Да что же он на конференции, что ли?! Пожалуй, стоит зевнуть и вернуться к амплуа «дурочки».
Некогда военный министр, а ныне депутат Национальной ассамблеи Адольф Мессими поднялся с постели и стал надевать парадный мундир со всеми регалиями. Ему предстояла сегодня встреча с бывшими однополчанами, и он не мог появиться в офицерском собрании в штатском.
– У англичан, конечно, ужасный вкус, но в одном правы: они скромнее нас и на фронте носят свою жуткую бурую форму. Мы же считаем, что и умирать следует элегантно, и ходим в красных штанах и кепи, которые буквально кричат противнику: «Эй, я тут, цельтесь сюда! Вы что, не видите меня?»
Он засмеялся собственной шутке, и я, чтобы сделать ему приятное, подхватила. Потом начала одеваться. Я давно избавилась от иллюзий и надежд, что кто-нибудь полюбит меня такой, как я есть, и теперь вместе с данью восхищения и цветами спокойно принимала деньги – это была плата за мое умение притворяться. Я была уверена, что окончу дни мои, так и не познав любви, но не все ли равно?
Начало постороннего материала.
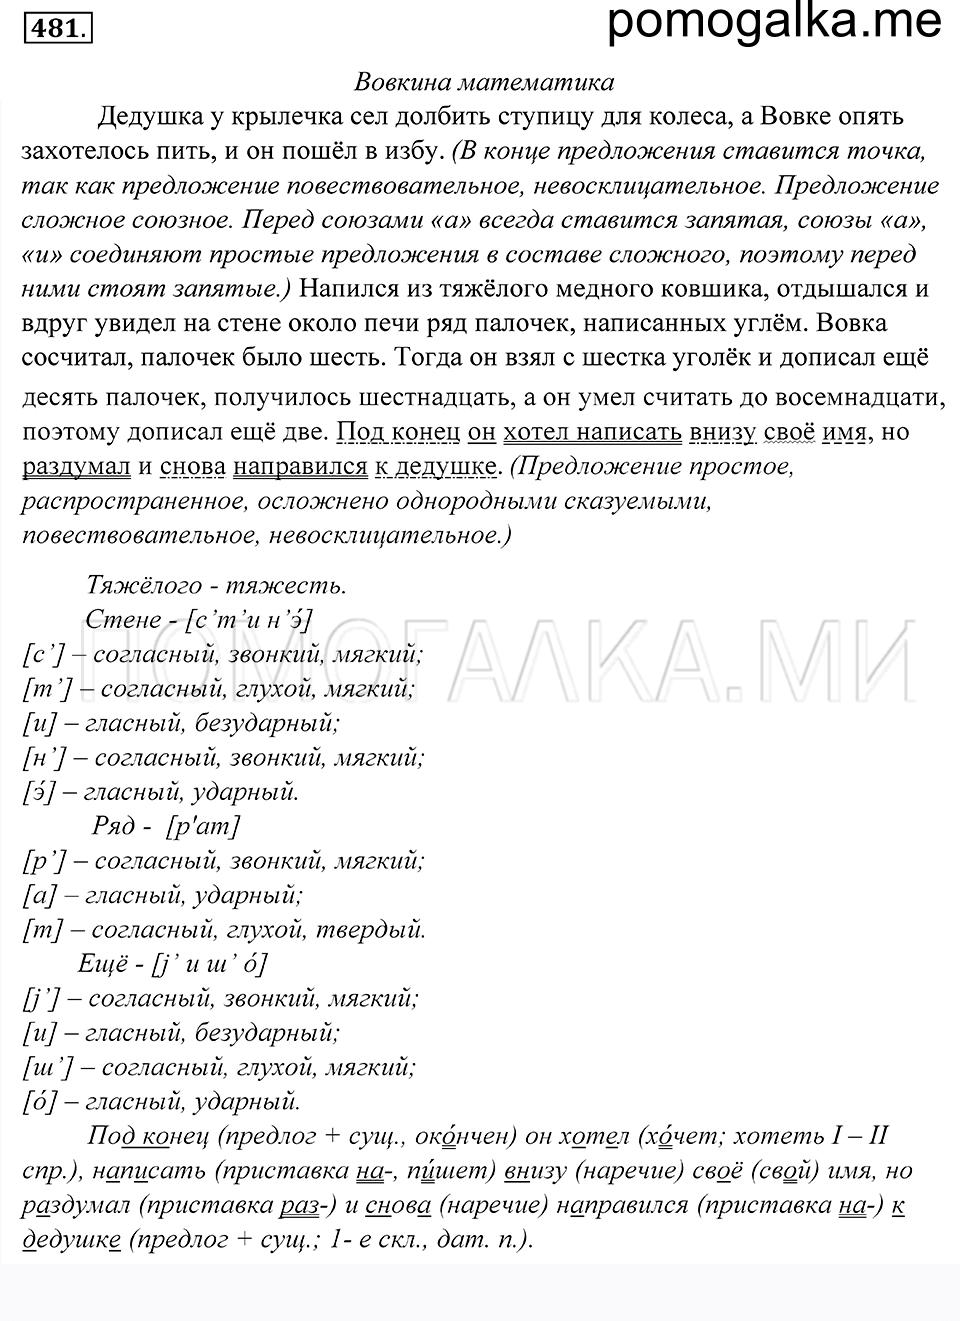 упражнение 481 русский язык 5 класс Купалова 2012 год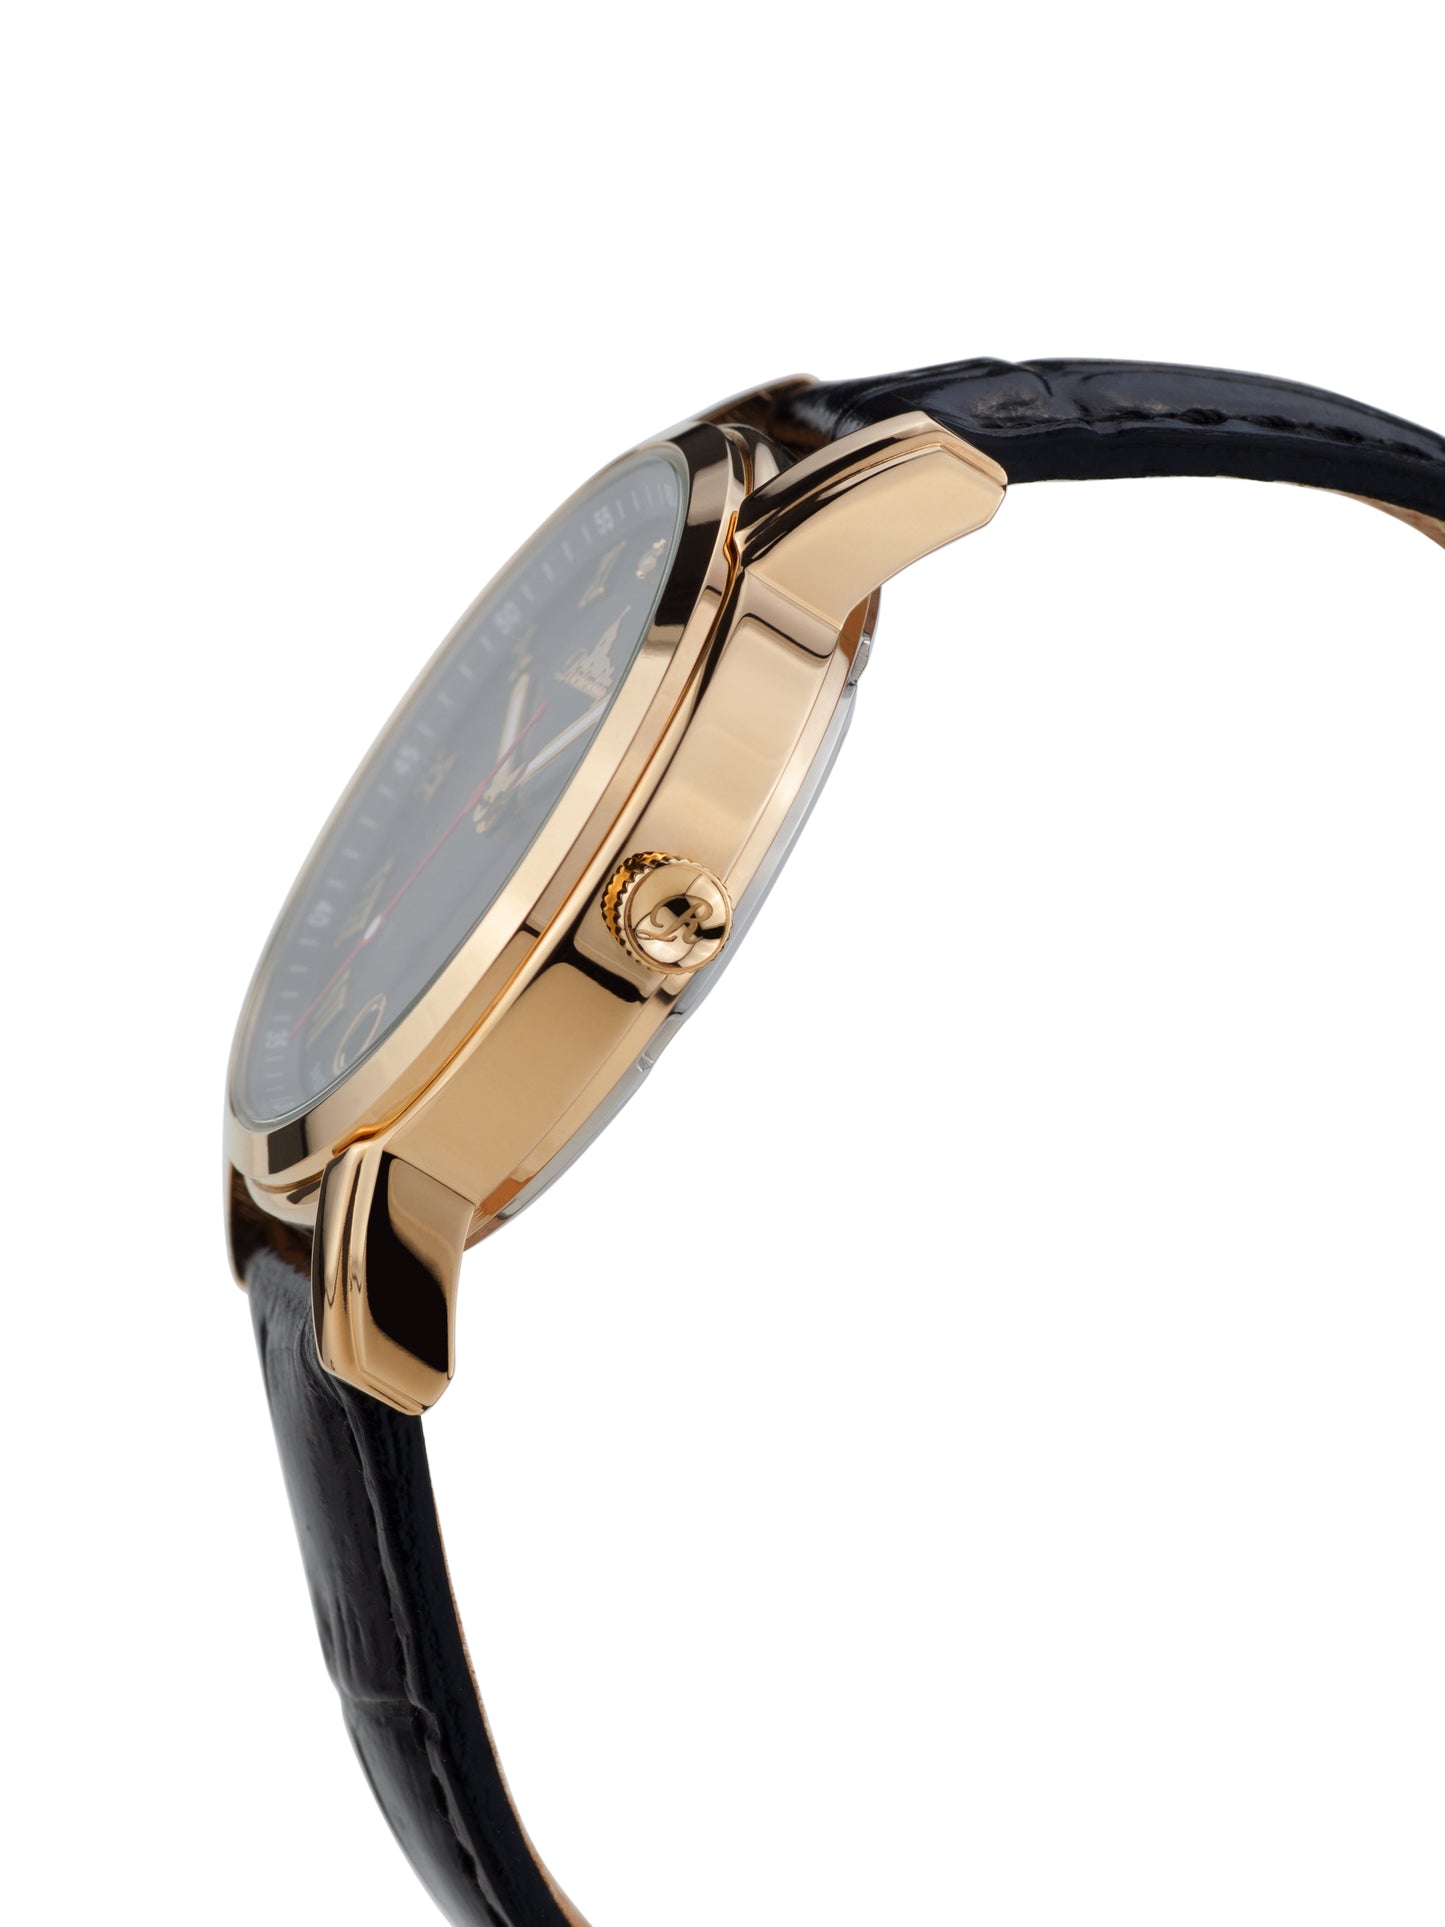 Automatic watches — Gesa — Richtenburg — gold IP black

Любовь и власть стали для меня неразличимы.
Но я, конечно, не была настолько беспечна, чтобы дать заметить это еще кому-нибудь. Подойдя к Мессими, я звонко поцеловала его в щеку. Лицо его было наполовину скрыто усами – такими же, какие носил мой неудачник-муж.
Он положил на стол пухлый конверт, набитый банкнотами в тысячу франков.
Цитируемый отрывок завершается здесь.